→ **Task instructions**: In the entries below, begin at the line with "Coach Peyton Cora" and stop after the line with "Interstates redone 10/2/72, February"; output those lines exactly and omit the pictures.

→ **Raw data**:
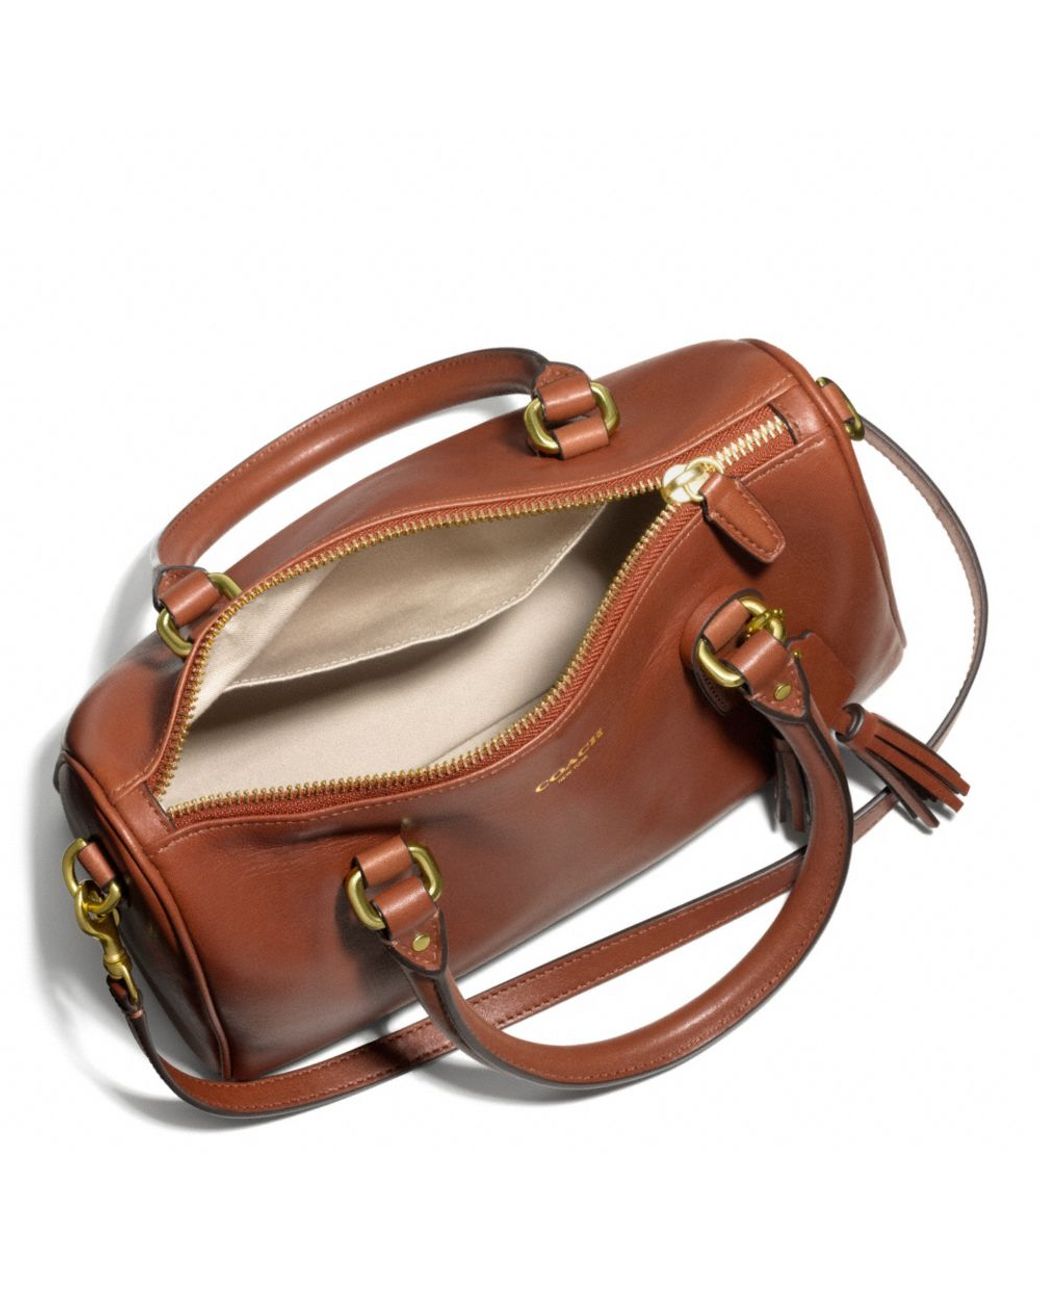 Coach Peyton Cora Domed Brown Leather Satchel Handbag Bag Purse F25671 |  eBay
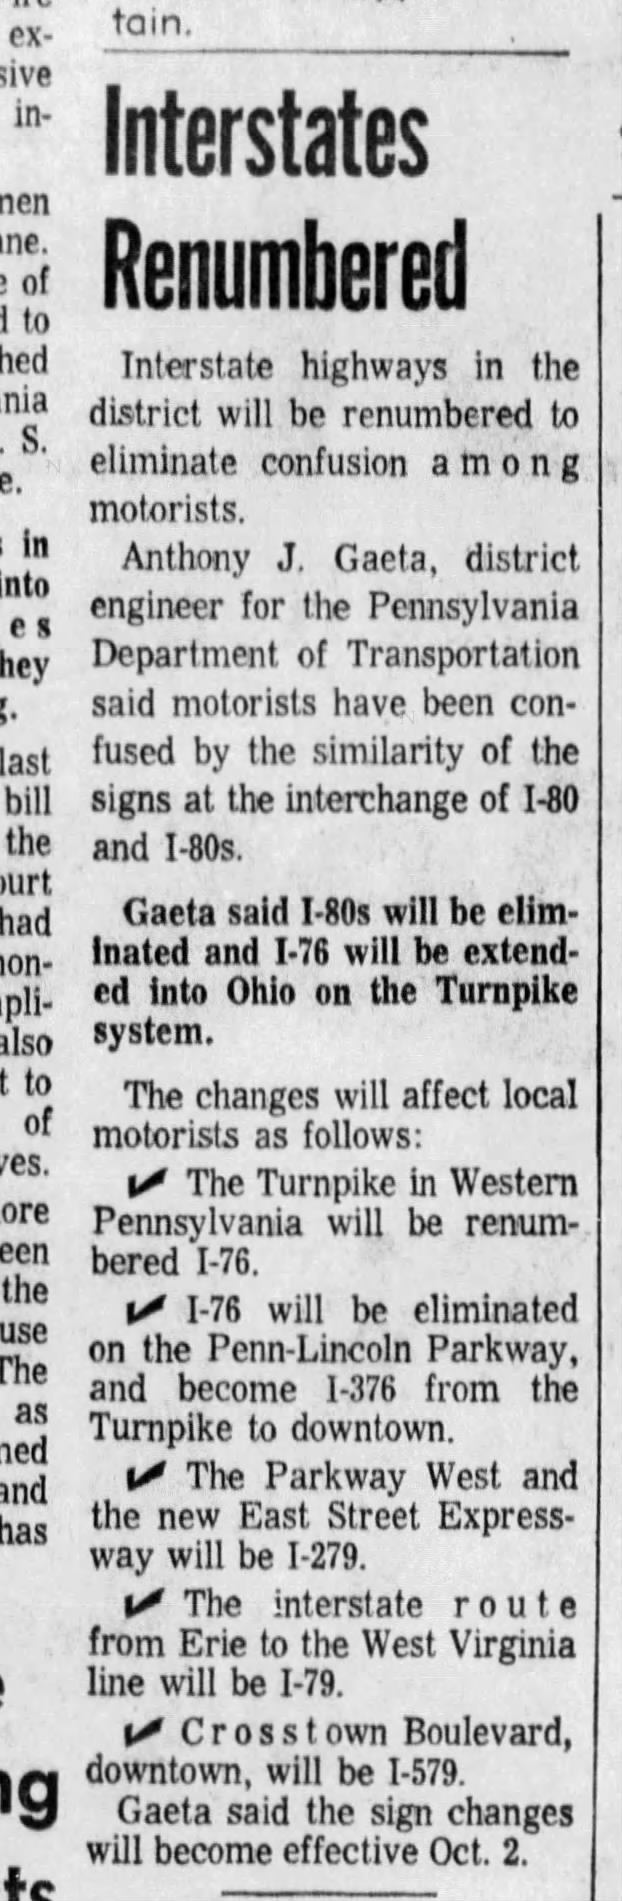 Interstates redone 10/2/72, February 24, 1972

...

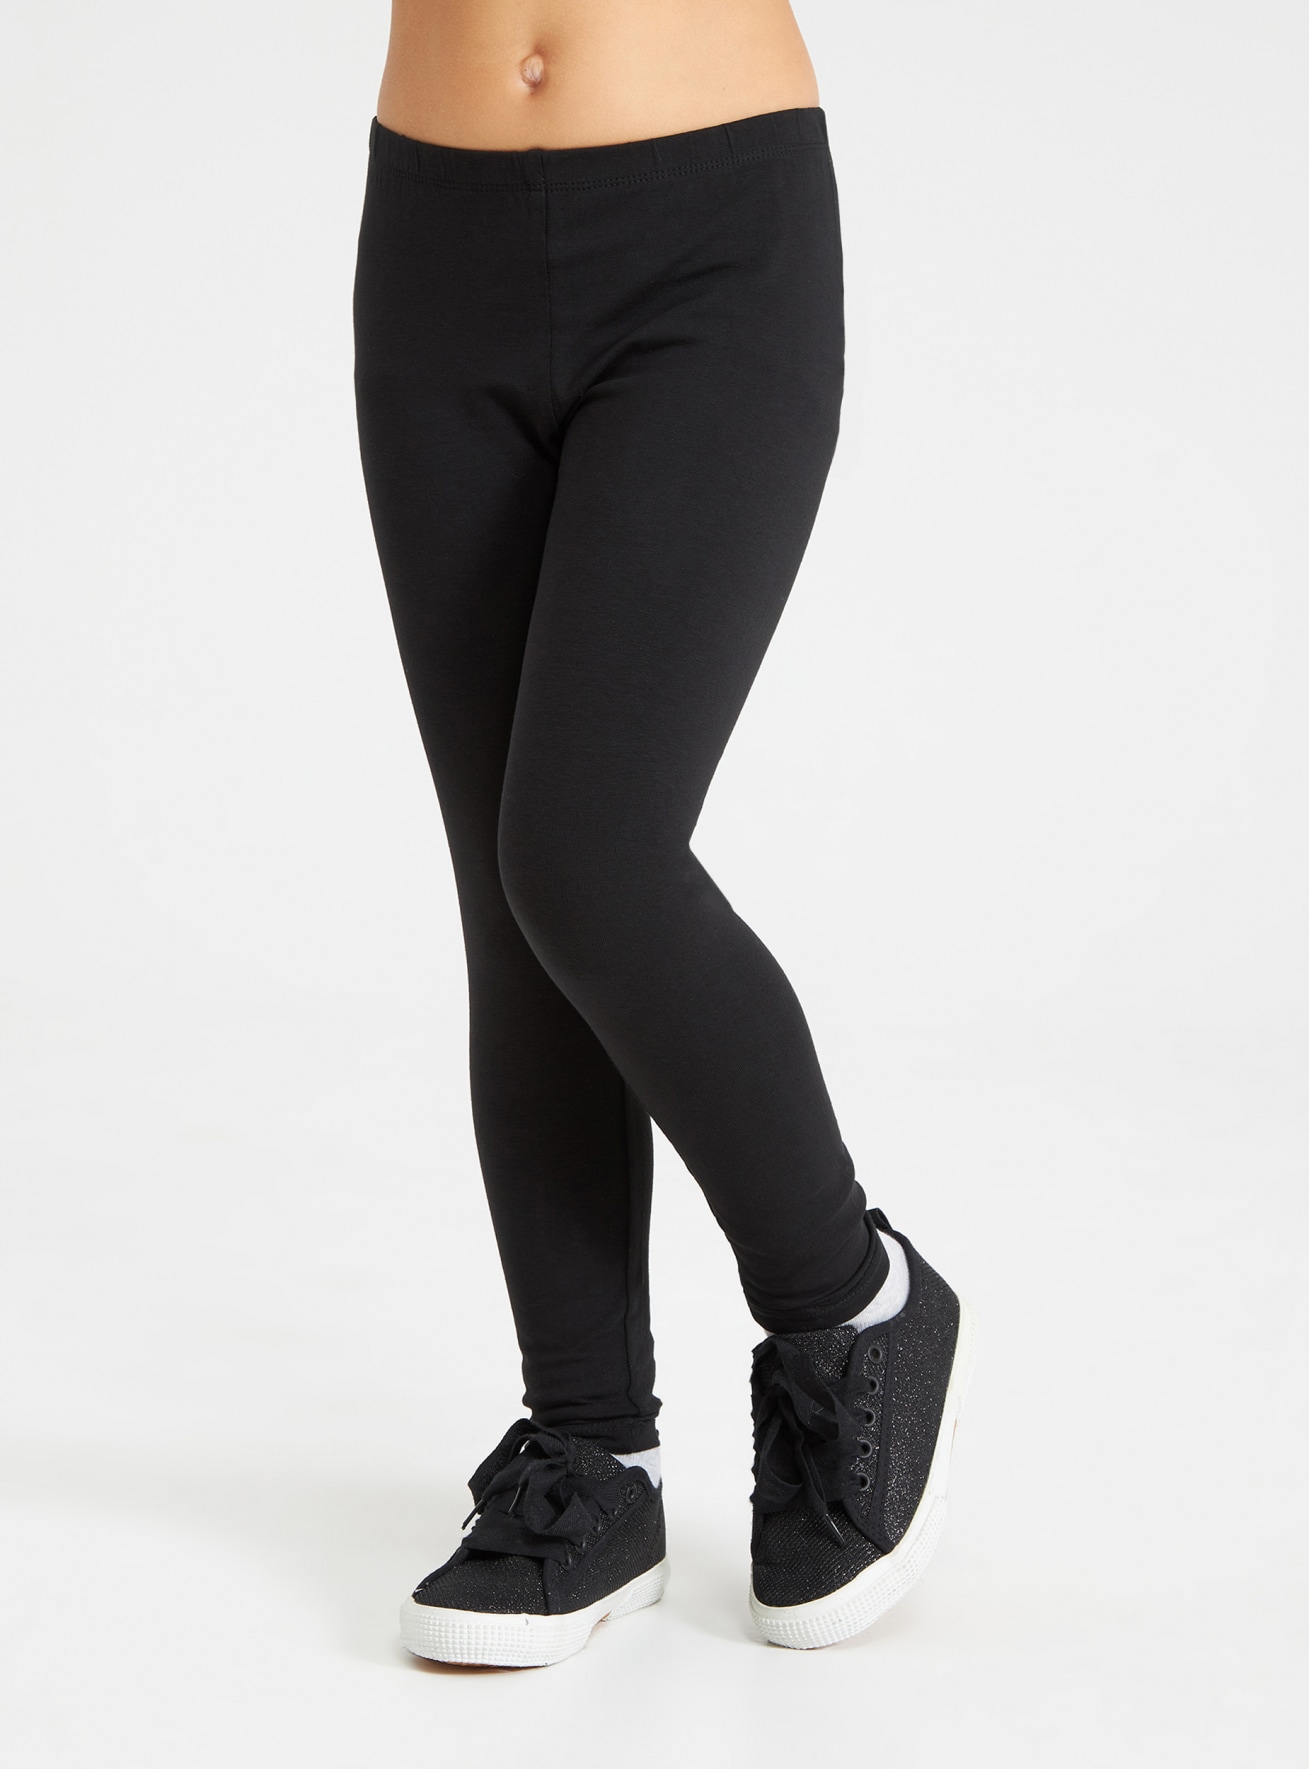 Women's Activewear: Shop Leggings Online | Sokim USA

...

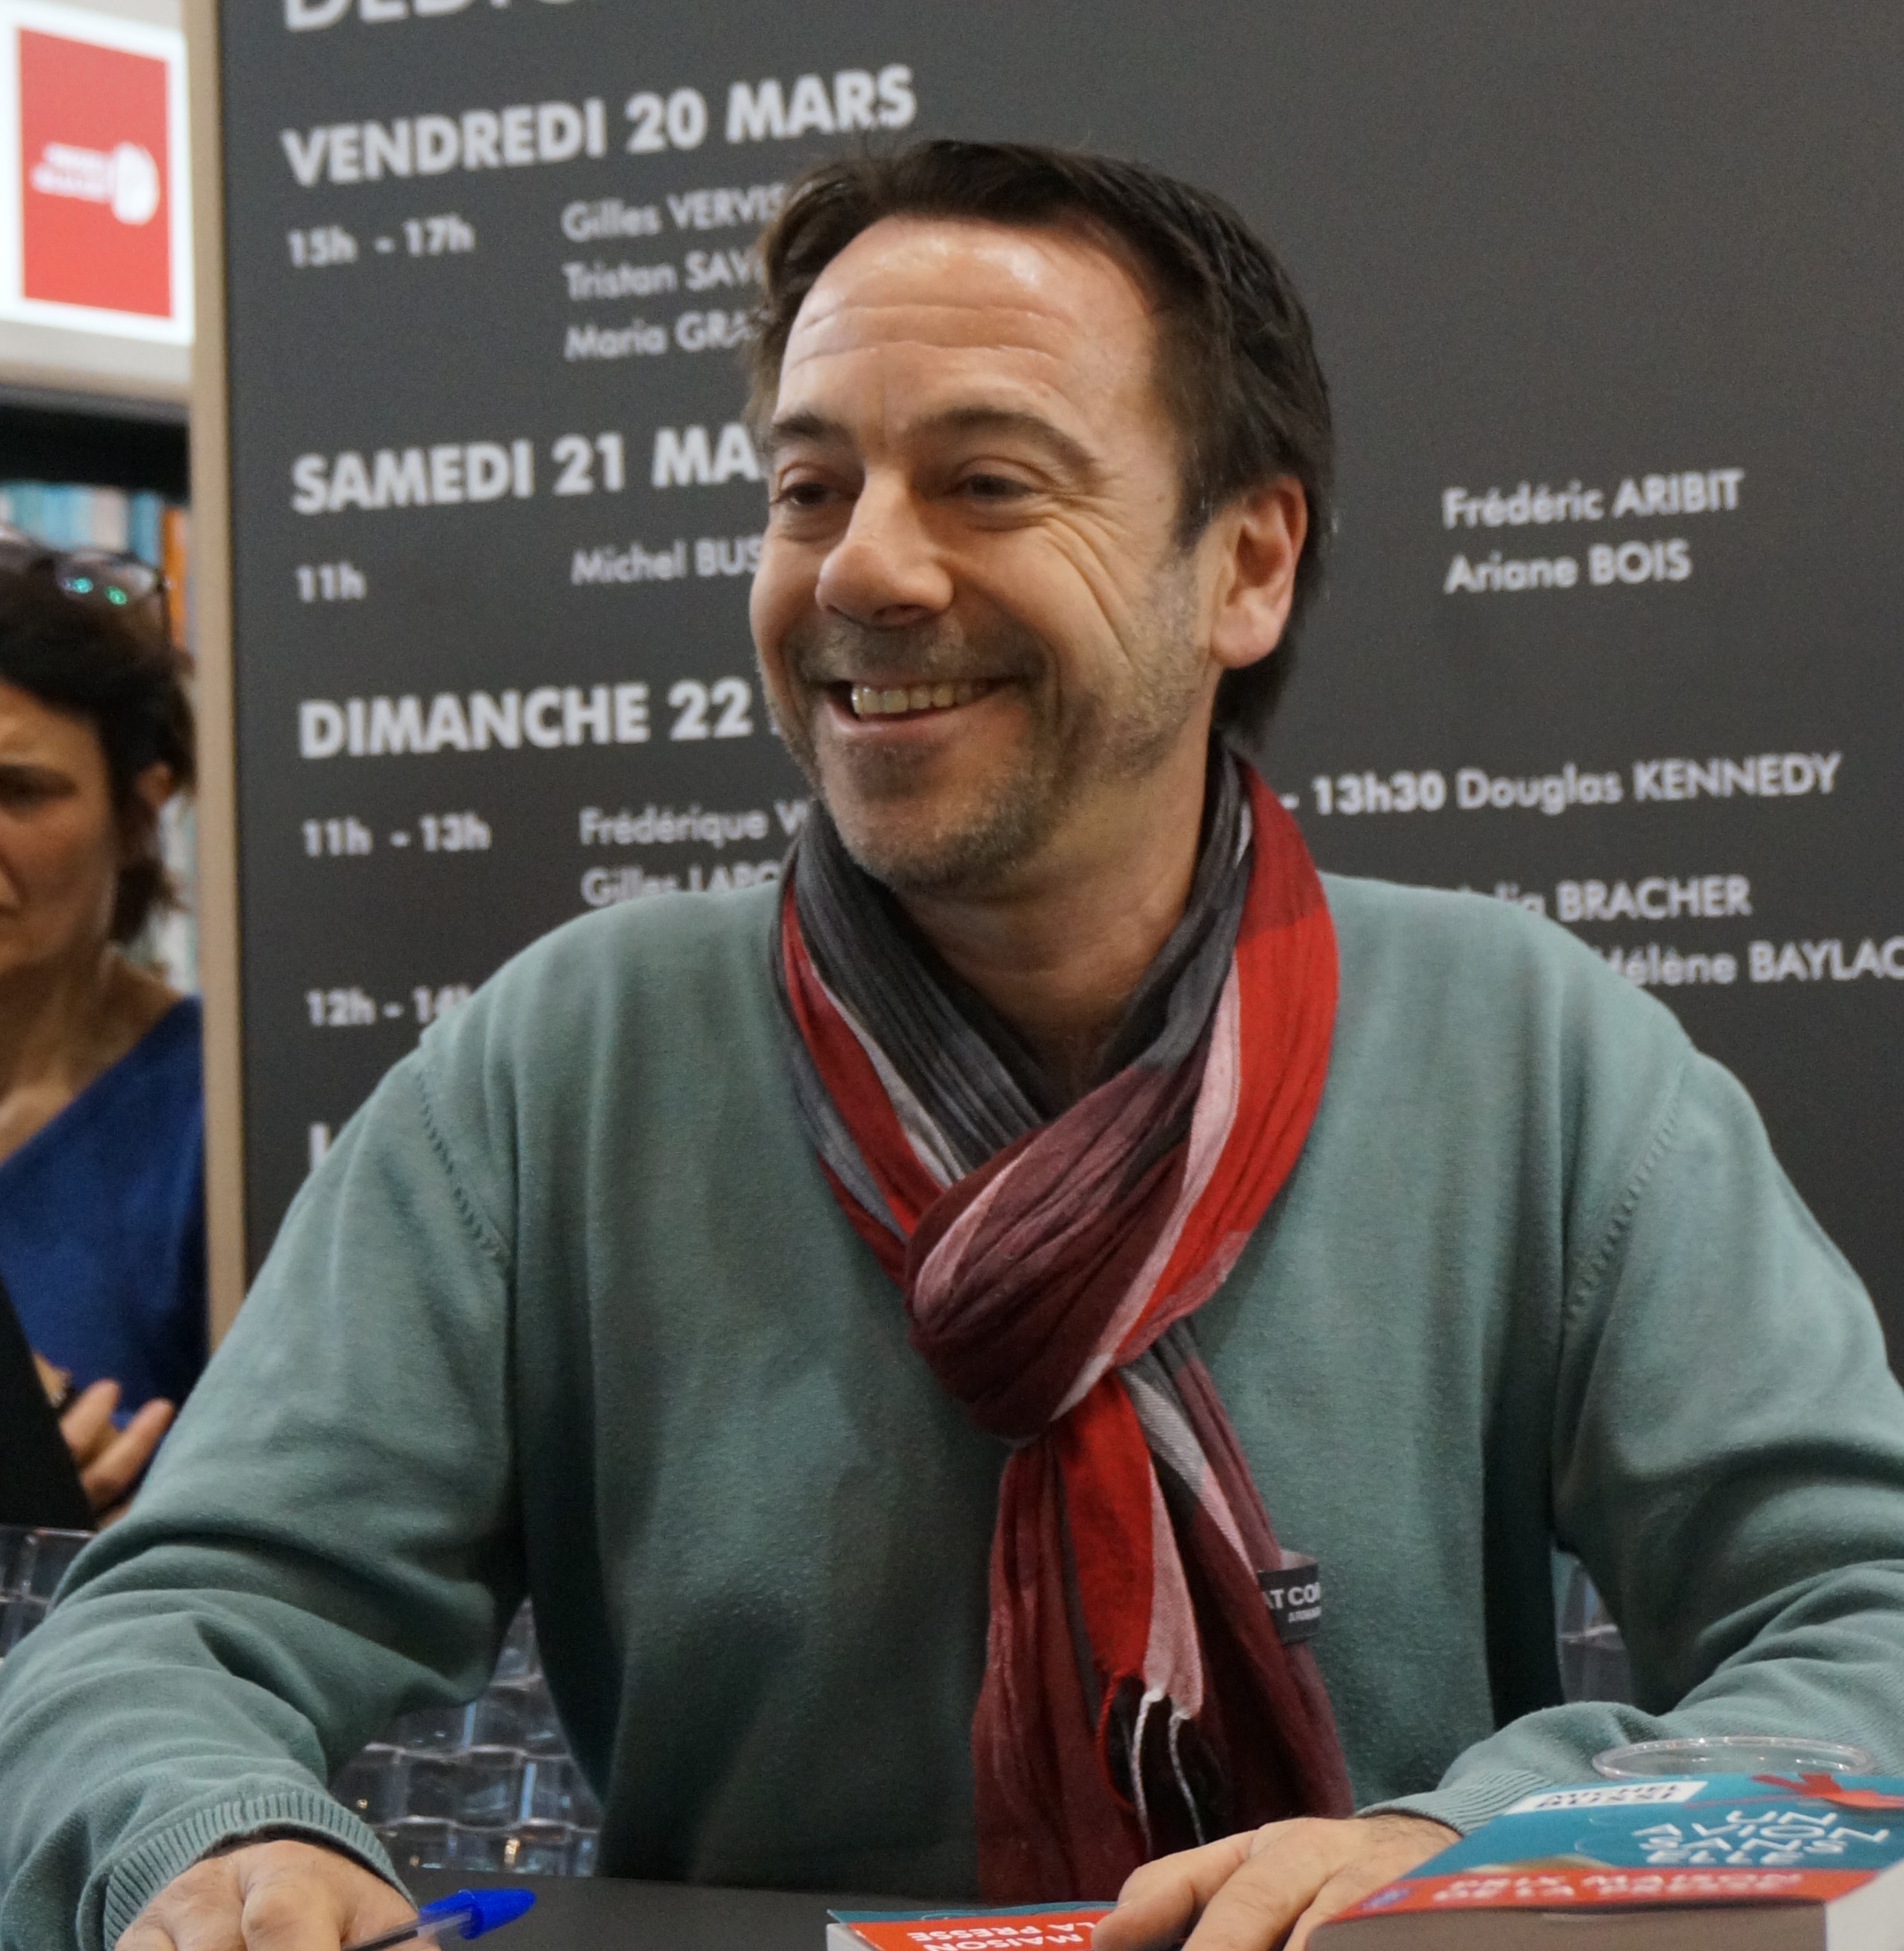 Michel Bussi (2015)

→ **Written response**:
 Coach Peyton Cora Domed Brown Leather Satchel Handbag Bag Purse F25671 |  eBay
 Interstates redone 10/2/72, February 24, 1972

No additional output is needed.